The WtE sector also encompasses biofuel, which has seen a massive increase in popularity, particularly from the aviation industry, with United Airlines investing $30 million in the largest producer of aviation biofuel.
How Businesses Can Benefit by Utilizing WtE
Considering the environmental benefits detailed above, together with the beneficial by-products that many of the technologies create, ranging from vegetable proteins to fertilizer, businesses will reduce their environmental impact by sending their waste to a WtE plant rather than to landfill.
If your business currently measures its carbon footprint, has sustainability targets, completes ESG reporting, or just wants to make its operations less environmentally impactful, then diverting as much waste as possible from landfill is an important step to make. Switching the destination of your waste to a WtE facility rather than a landfill site requires no alteration to an organization’s waste operations, and as such can make an instantaneous impact while other resource minimization strategies are being worked on.

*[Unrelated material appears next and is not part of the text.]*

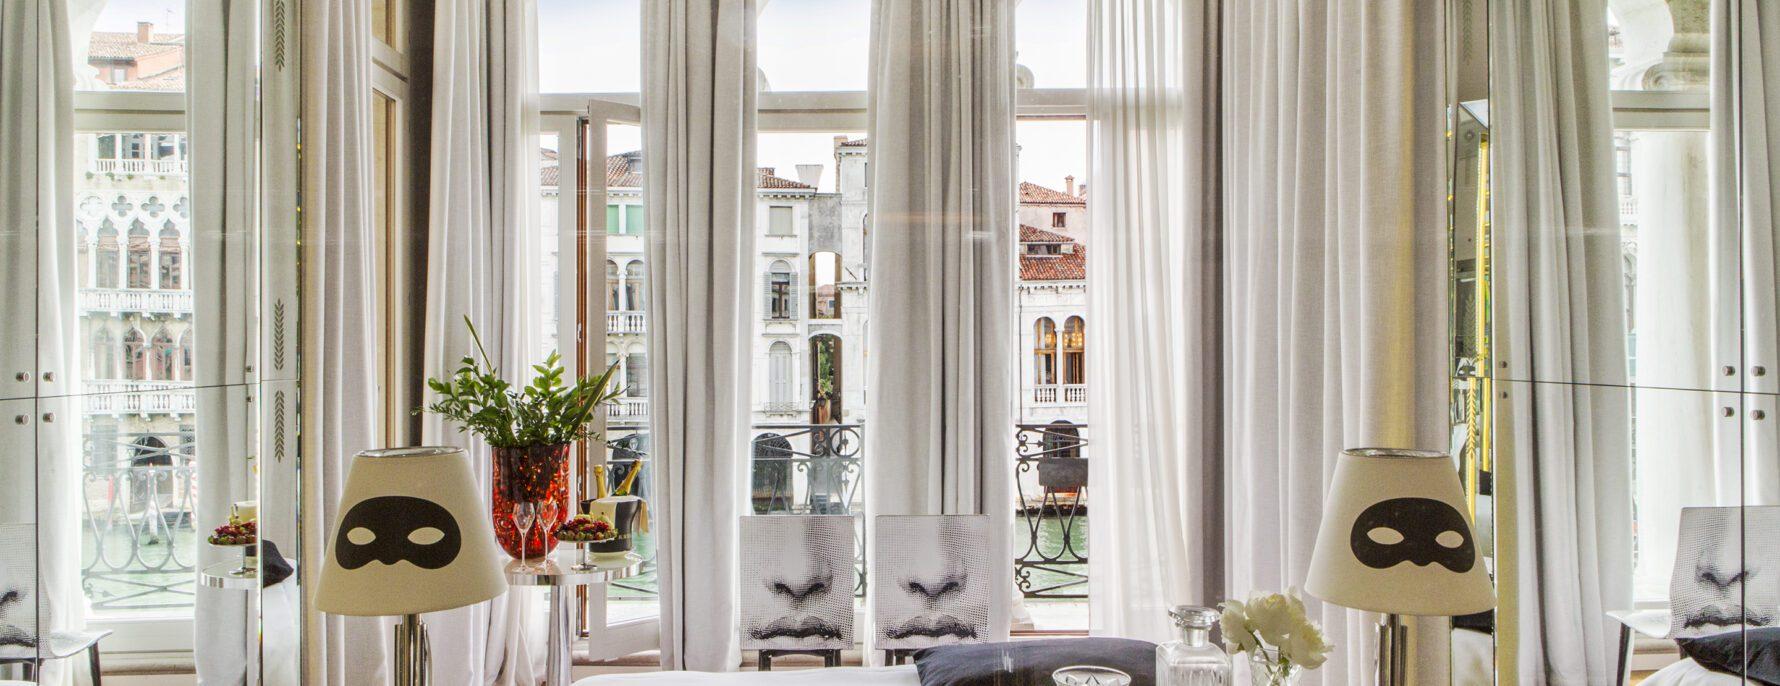 Luxury Boutique Hotel in Venice

Utilizing WtE alongside a conventional recycling program can enable businesses to achieve zero-to-landfill status, which makes for a valuable marketing tool both for securing high caliber new recruits, and for winning new contracts.
As landfill charges continue to increase and WtE technologies become more cost effective, it might even offer your business long-term cost saving opportunities, depending on the composition of your waste stream and other factors.
NWA Sources the Best Treatment Technologies for Your Waste
National Waste Associates (NWA) uses its vast hauler network to identify and utilize the most cost-effective and environmentally beneficial treatment methodology for your waste, for each location in your portfolio.
Where WtE plants are available, we will identify the haulers that are able to send the greatest proportion of your waste to these facilities. NWA has no affiliations with landfill sites, unlike the national haulers who also own landfill facilities. Instead, our model is to work with haulers who are truly independent and agnostic to which disposal sites they utilize. This is a key differentiator that enables our customers to capitalize on opportunities like WtE.
WtE is only one piece of the puzzle to reduce the environmental impact of your waste operations. That’s why NWA also constantly analyses the composition of your waste stream to identify opportunities to reduce, reuse and recycle more materials, diverting them from the waste stream entirely.